Las Vegas, the City Where Dignity Goes to Get Date Raped

What happens in Las Vegas, stays in Las Vegas, so says an oft-quoted, asinine commercial slogan. Do you think that’s because what actually does happen there is so incredibly depressing that nobody wants to talk about it? I do.

I’ve always been ambivalent about Las Vegas. Despite my near-total love of everything related to gambling, Vegas doesn’t much do it for me. And it was actually disappointing to hear a friend announce that his bachelor party would take place in the City that Shame Built. It just seems so cliché. It seems like the place that old, boring people from Oklahoma go to “get wild.” (Of course, their idea of getting wild involves mile-long pork buffets and the tepid comedy of Paul Reiser. Zzzzzzzzz.)

Also, I’m not a big fan of strip clubs. I’ve tried to explain this dozens of times to my more douchebag-leaning friends, but I just get blank, he-must-be-gay stares. Naked ladies may be the best thing ever. That’s why there’s so much art devoted to them. If you can make a naked lady painting look as beautiful as an actual naked lady does, then you’re probably a good artist. I love looking at naked ladies as much as the next guy, but the exchange of money, or the process of turning it into a business transaction, immediately removes all sexiness from the equation. (I also suffered a severe stripper trauma when I was 18, but that’s a story for another time.)

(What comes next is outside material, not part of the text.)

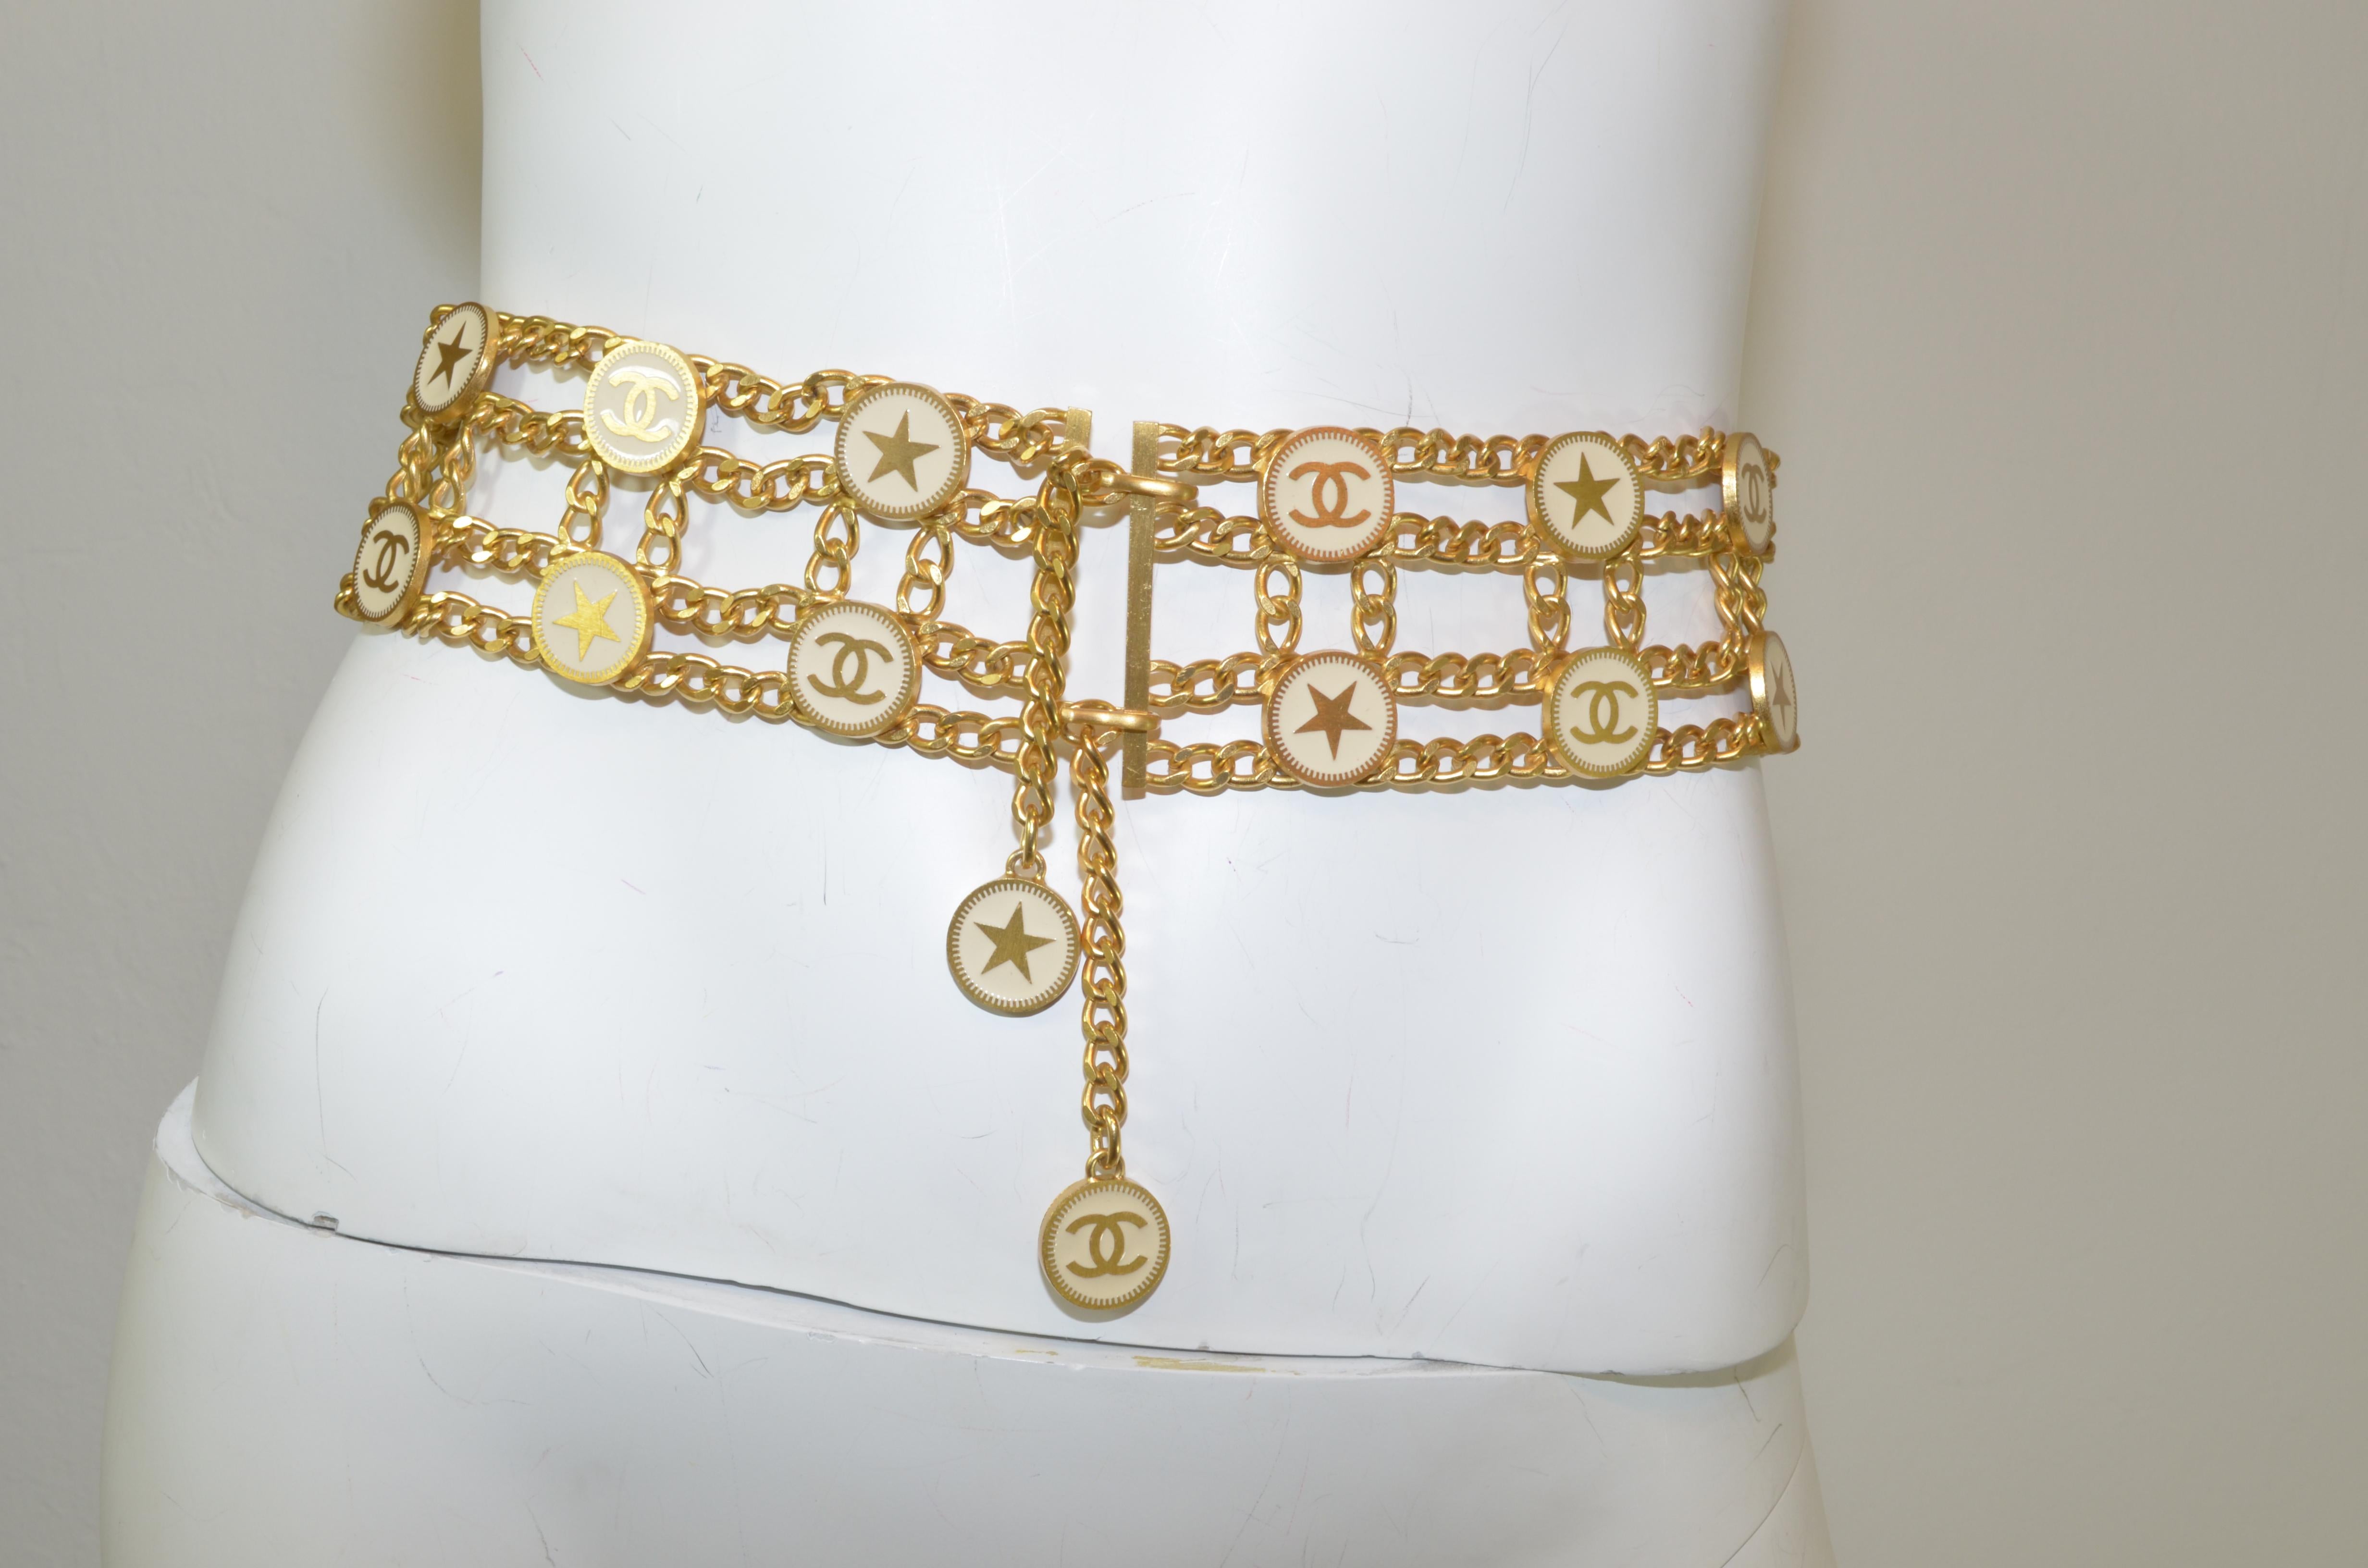 Chanel belt is featured in a gold-tone metal with a signature 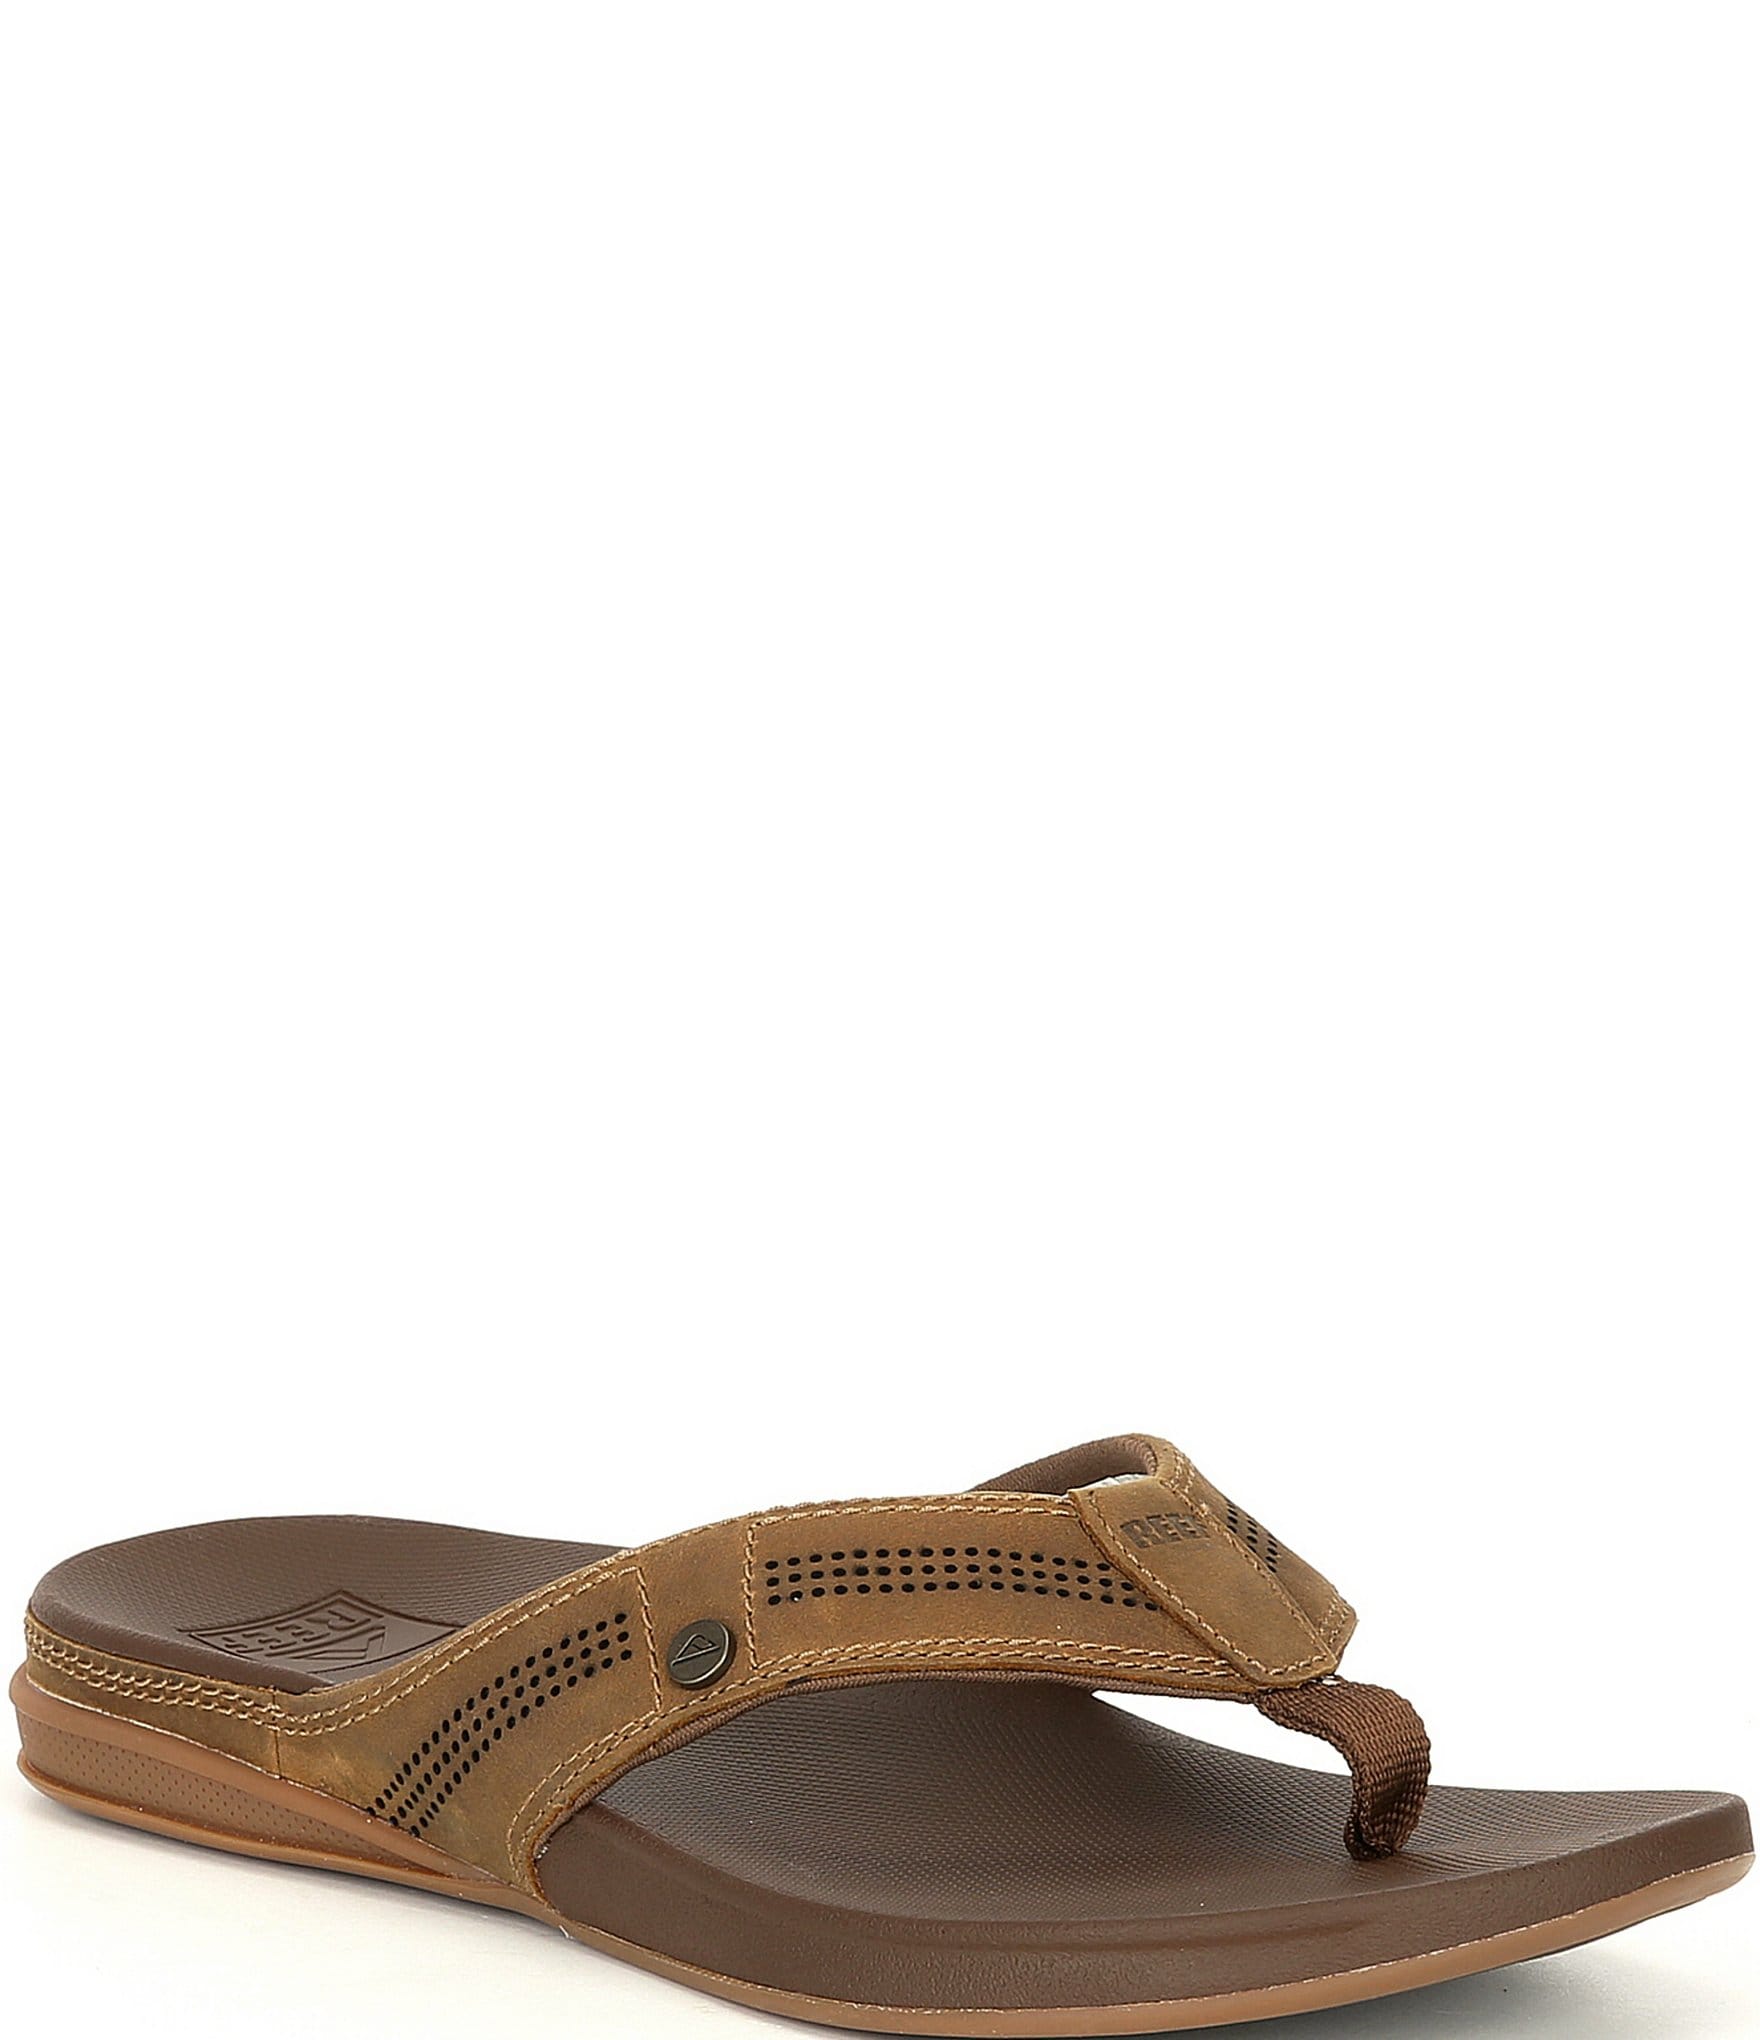 Reef Mens Sandals Cushion Bounce Phantom LE Full Grain Leather Upper with Padded Lining

But I’m going to the bachelor party, anyway. I want to celebrate with my friend, and I want to feel again the sweet felt of a roulette table. I want to chip shuffle at a poker table across from a pro. I want to overplay my two pair and lose hundreds of dollars in the blink of an eye. Also, there’ll be a “big box of drugs” made available. And there’s a street over which you can zip line. Mushrooms + zip line = yes, please! I would also like to freak out some of the Midwestern normals waddling around. This is gonna get Hunter S. Thompson-style weird, my friends.

At least, I hope it does. Otherwise, it's just gonna be a long weekend of neon-bright sadness and all-you-can-eat despair.